#### Task requirements:
Your job is to set down the stretch of entries that opens with the line containing "Бели Летни Дамски" and closes with the line containing "2015 Land Rover". Keep both end lines, copy each exactly, and add nothing.

#### Given information:

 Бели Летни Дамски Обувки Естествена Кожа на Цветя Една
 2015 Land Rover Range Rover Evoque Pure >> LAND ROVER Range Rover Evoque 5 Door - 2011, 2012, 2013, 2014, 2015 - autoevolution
==
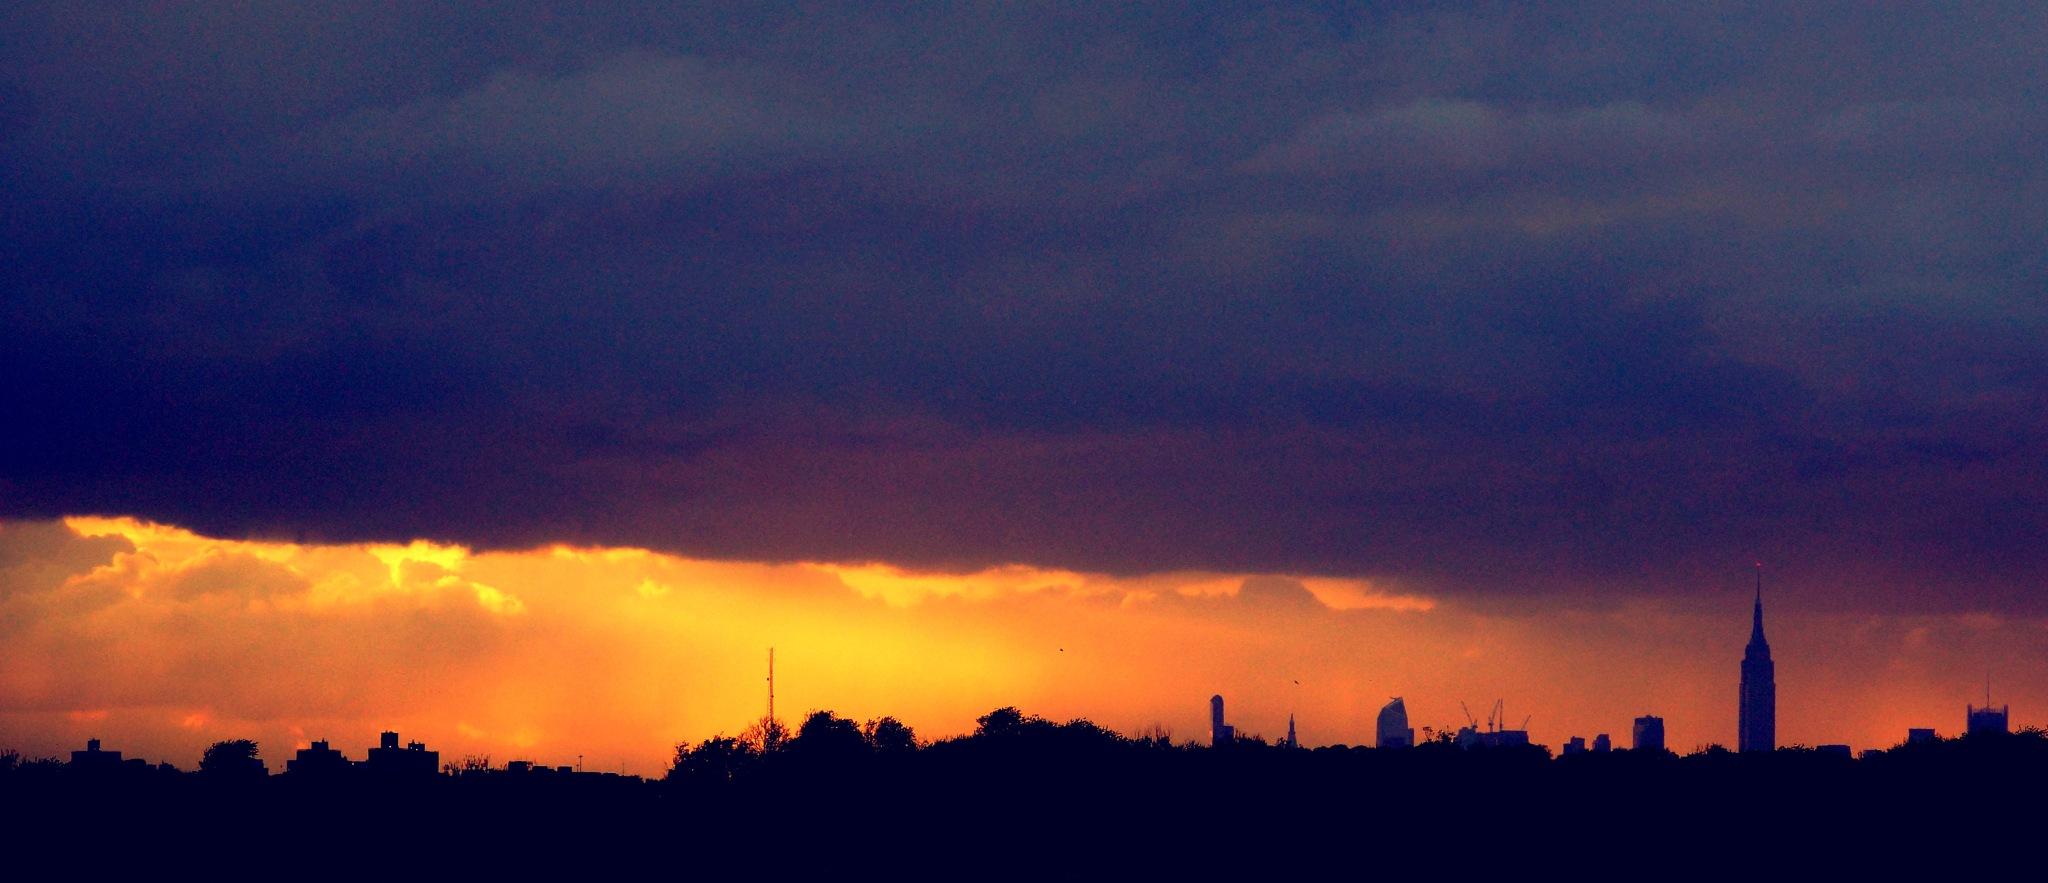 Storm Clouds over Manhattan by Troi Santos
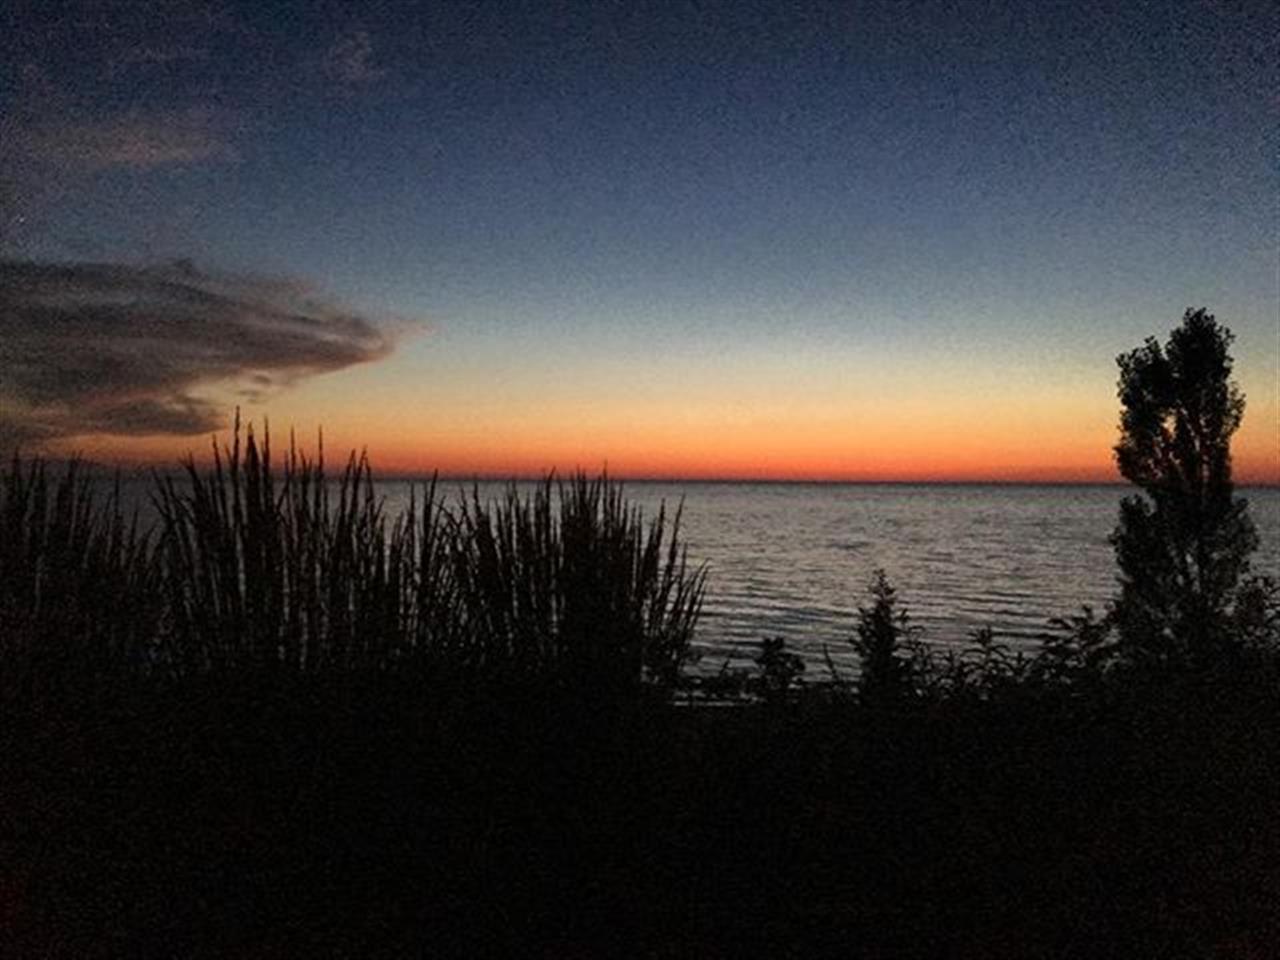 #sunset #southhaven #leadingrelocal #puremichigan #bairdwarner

#### Result:
 Бели Летни Дамски Обувки Естествена Кожа на Цветя Една
 2015 Land Rover Range Rover Evoque Pure >> LAND ROVER Range Rover Evoque 5 Door - 2011, 2012, 2013, 2014, 2015 - autoevolution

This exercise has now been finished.